Exact copies of the lines below, from the one with "ROGELLI CAROU 3.0" up to and including the one with "The Protocol on Ireland/Northern Ireland", are what this calls for; leave out pictures.

> **Data supplied**:
**********
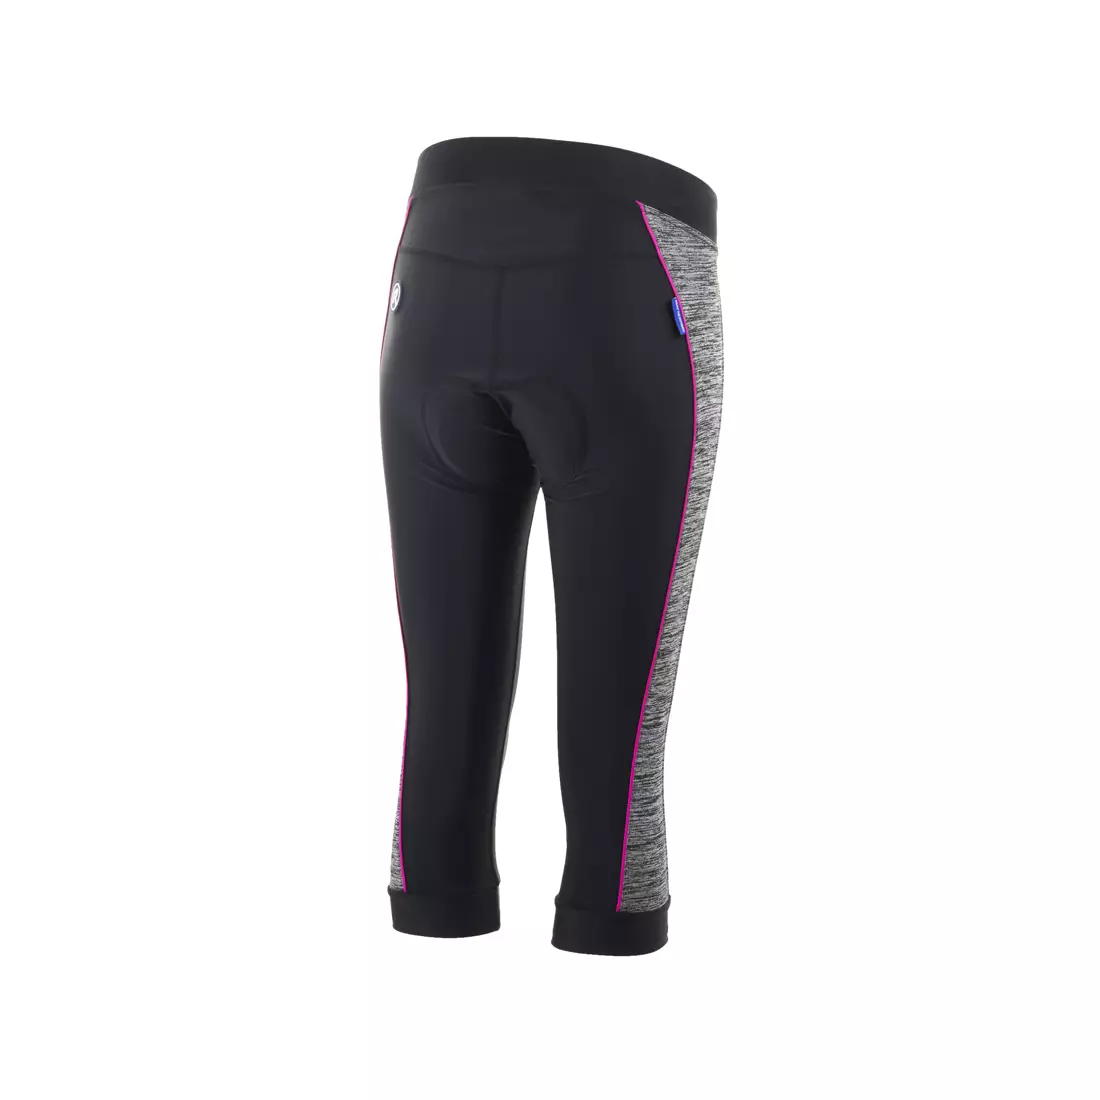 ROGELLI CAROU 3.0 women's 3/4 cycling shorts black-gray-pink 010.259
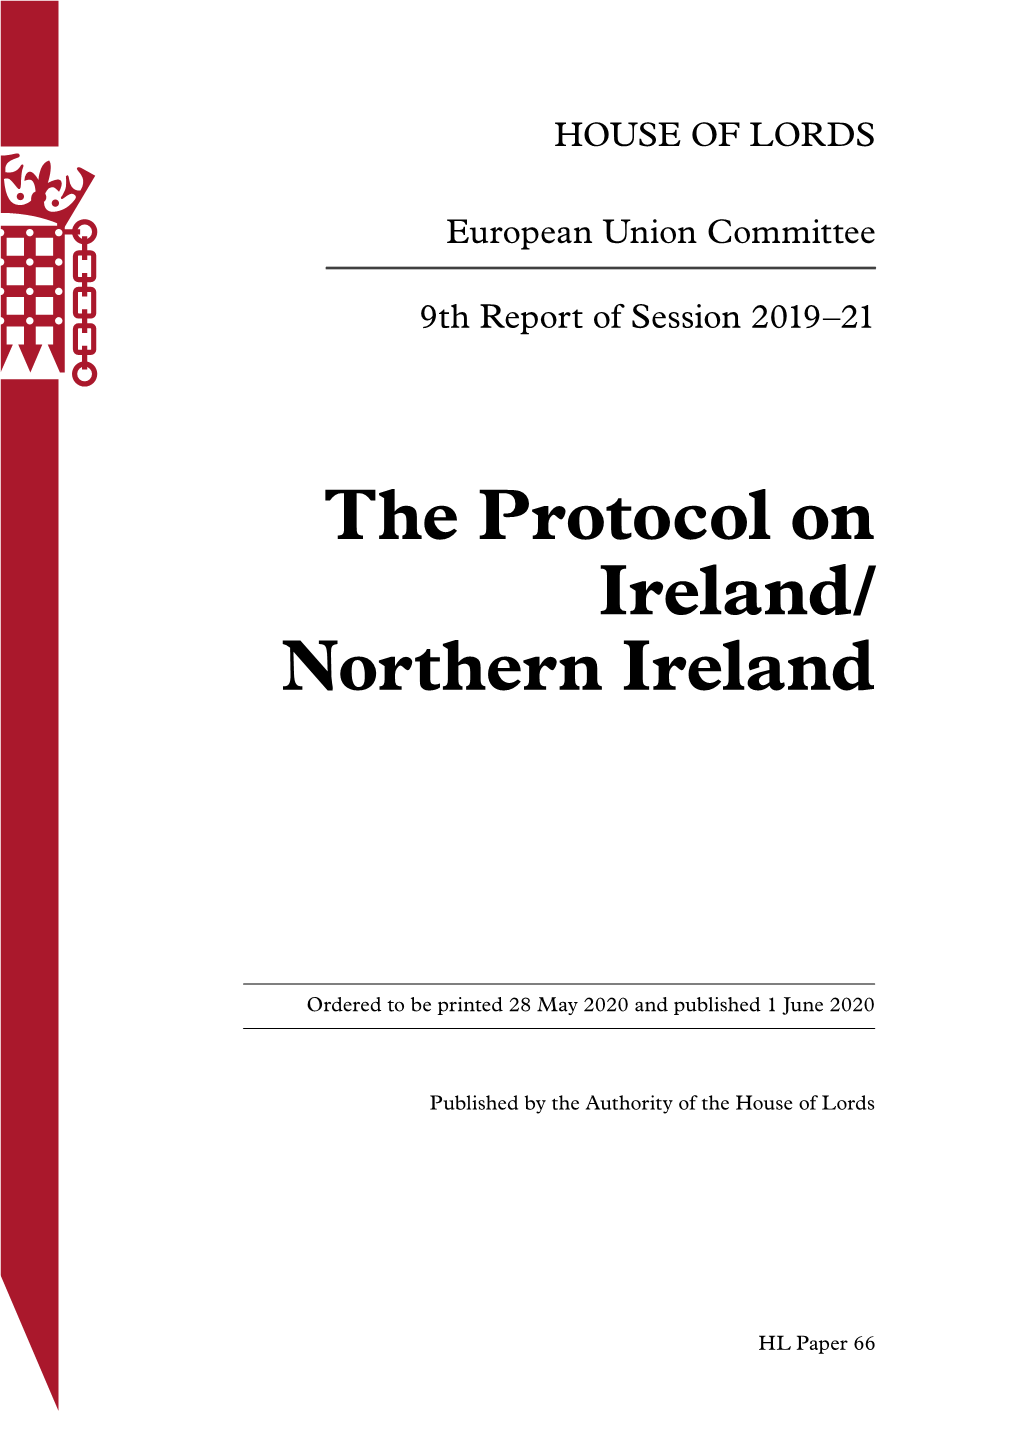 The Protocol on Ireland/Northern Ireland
**********
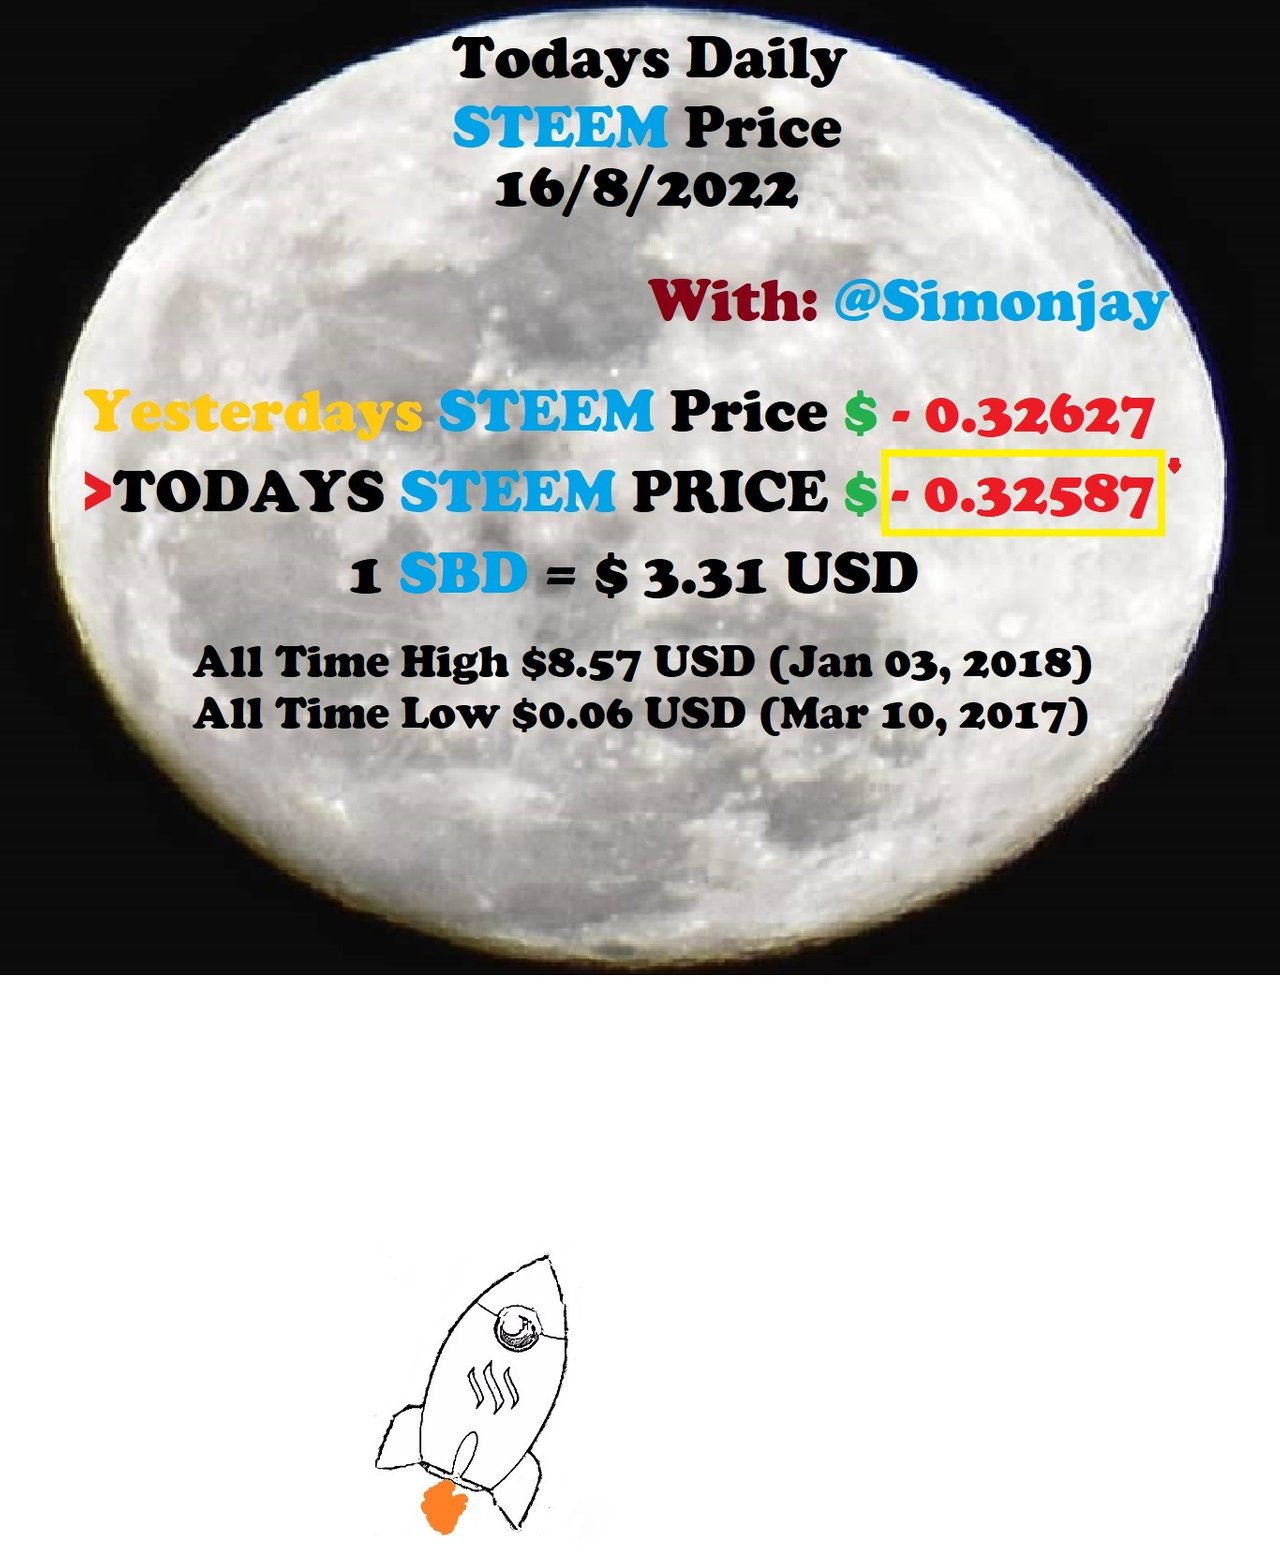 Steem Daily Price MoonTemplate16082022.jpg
**********
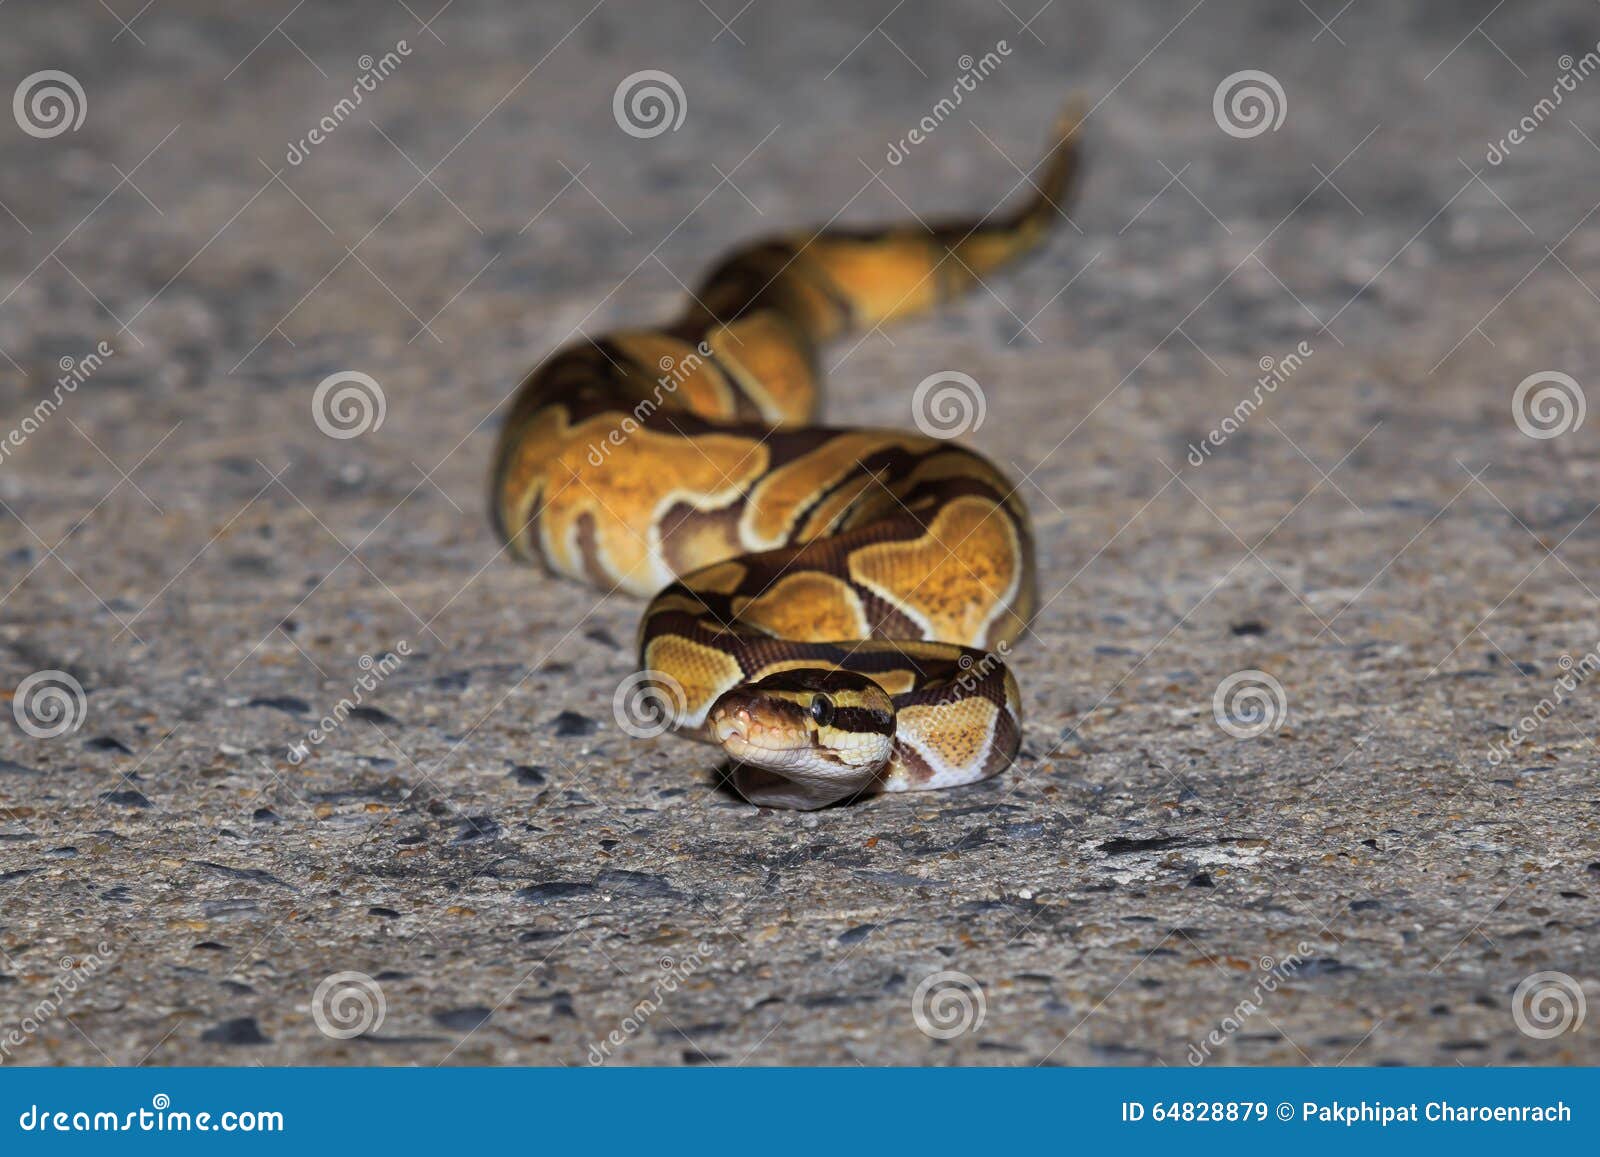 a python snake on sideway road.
**********
> **Task answer**:
 ROGELLI CAROU 3.0 women's 3/4 cycling shorts black-gray-pink 010.259
 The Protocol on Ireland/Northern Ireland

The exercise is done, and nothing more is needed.